You do well to consider the scriptures, and look to them. When studied with faith, they bring life and peace.

Leviticus 25:44-46 was not an endorsement of slavery, but an effort to limit it. This is clear if you read the surrounding verses. The scriptures serve as tutor for mankind, bringing him from a state of barbarity to a state of enlightenment. The main point of the passage you cite, when surrounding verses are considered, is that you are not to treat your fellow Hebrew (your neighbor) like that. Jesus then showed us that our neighbor is anyone who is around us. Mankind is tutored by God at a rate we can handle it.

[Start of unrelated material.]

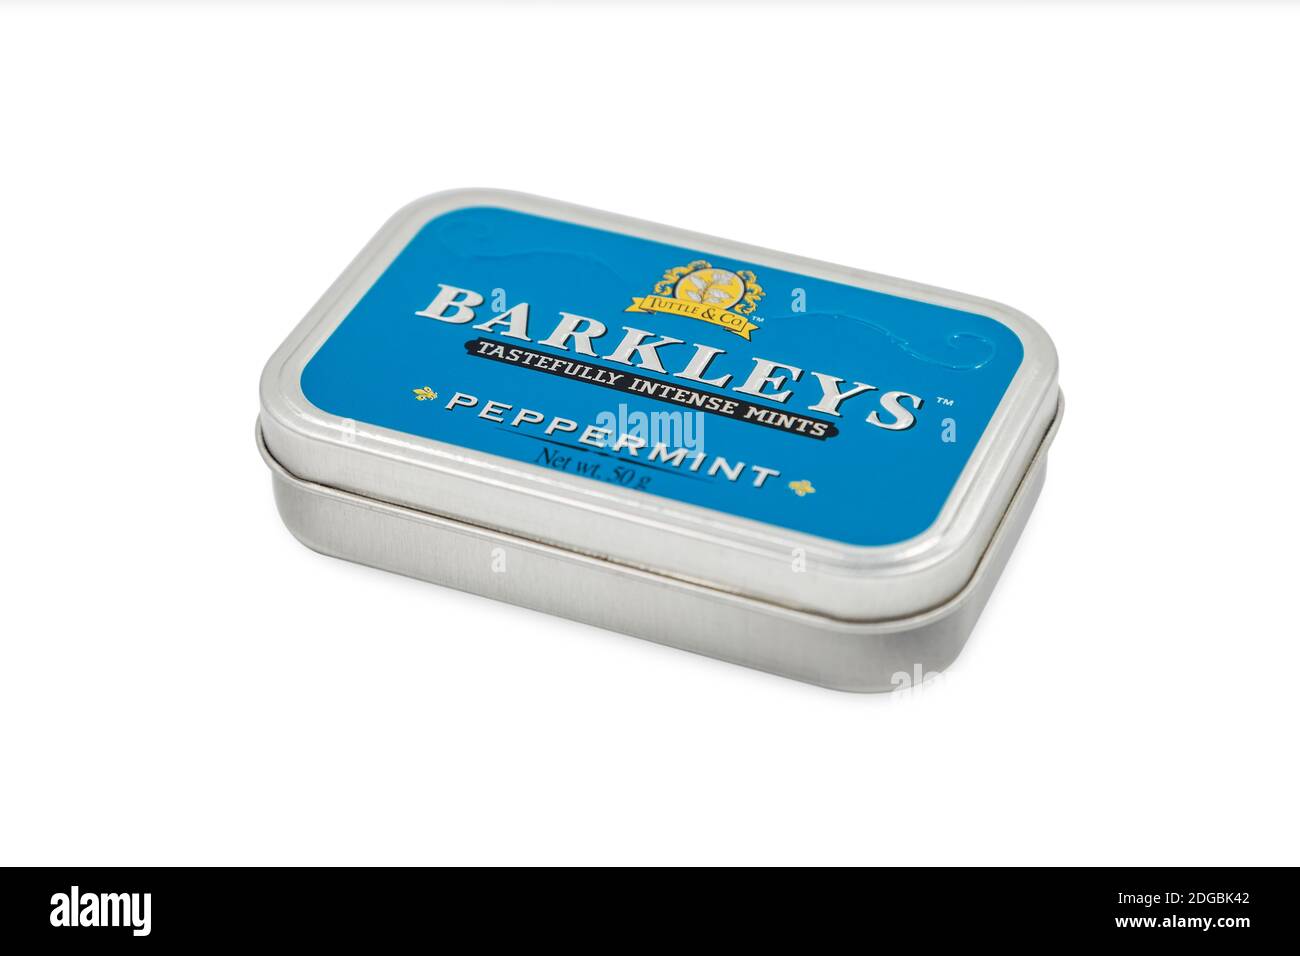 PULA, CROATIE - 6 DÉCEMBRE 2020 : une boîte de bonbons à la menthe poivrée de Barkleys fabriqués à partir de Tuttle & Company a été réputée pour ses produits de confiserie, avec une large gamme de produits Banque D'Images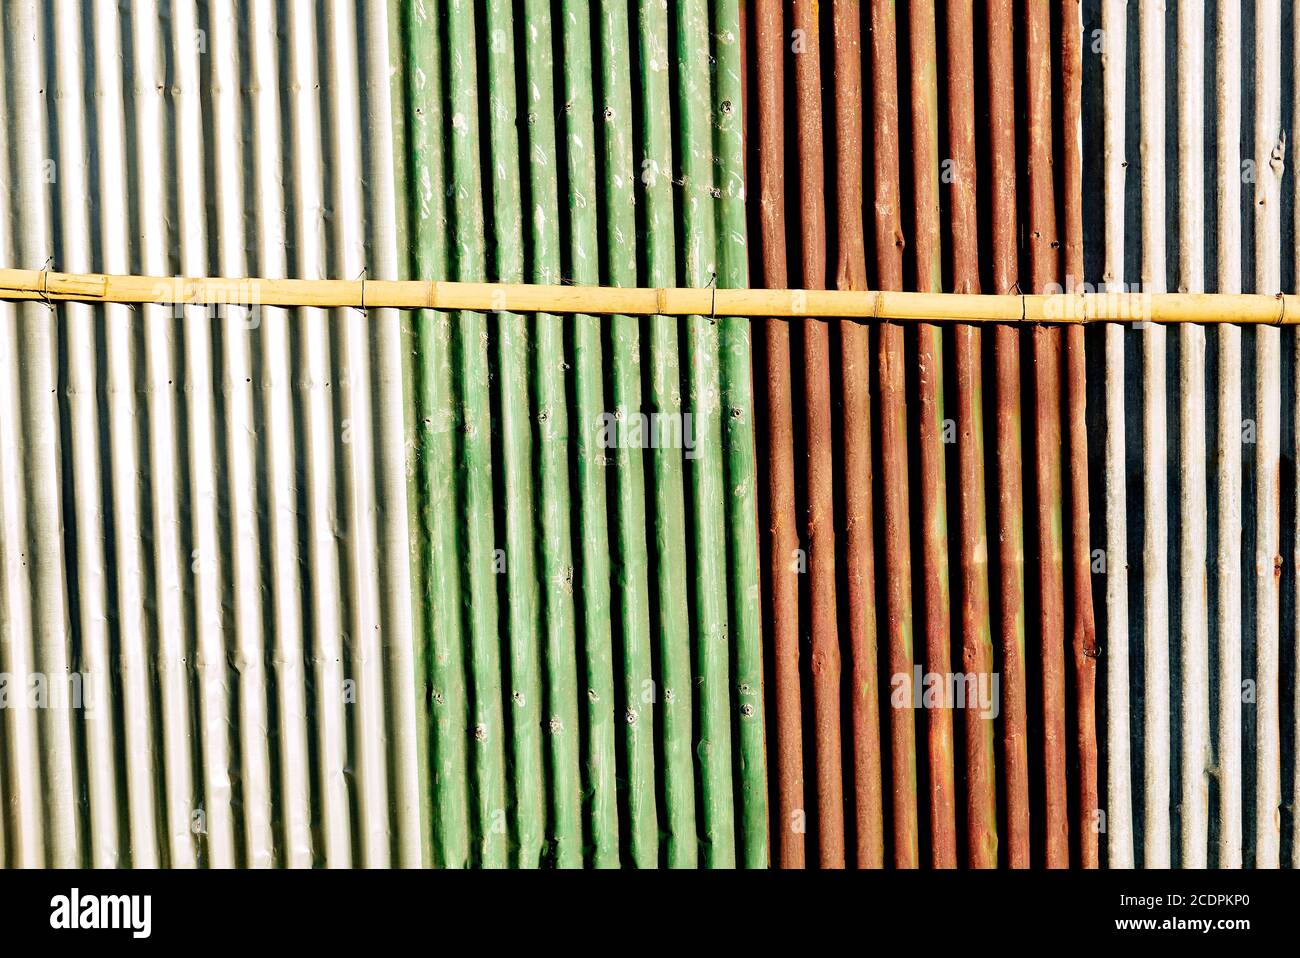 Le mur ondulé peint multicolore donne des teintes horizontales, des rayures. Un bâton de bambou horizontal maintient la clôture rouillée ensemble. Banque D'Images

I will have to address your points on capital punishment tomorrow. This morning I wold like to address your points on corporal punishment.


The slaves that you say Americans bought fair and square were mostly kidnapped, and as such do not compare with a 'bond servant" agreement.

You seem to think it fine for the State/Schools to beat on children but not OK for a Master that the parent has chosen to do the same. Wild children have to be disciplined for their own good and the good of society. On that we agree. What choice does the parent have about their government? In these days of complusory attendence laws what choice do they have in schools (unless they homeschool). At least they can pick their master.

I see the Bible's solution as less statist and more free than the socialist position that the state should have a monopoly on force. The more power parents (and their chosen masters have) to use force to discipline then the less force the state will need (and the less power it need have).

Perhaps you live among civilized, secular people who do not need a caning to stay out of trouble. Good for them, but you should not assume that the whole world is like them.

As for "slavery" being unchristian, it is in a way. Philemon is a good study on that, he was a run away slave and Paul teaches the next lesson on how "slaves" ought to be treated. The Bible tutors humanity to the final step.

Frederick Douglass was a former slave, and a CHristian. He observed that while the Bible permitted men to be masters it did not permit them to be bad ones. If he can content himself with that and still have faith in God, despite living as a slave, then Thatcherite is surely without excuse in his efforts to condemn his Maker.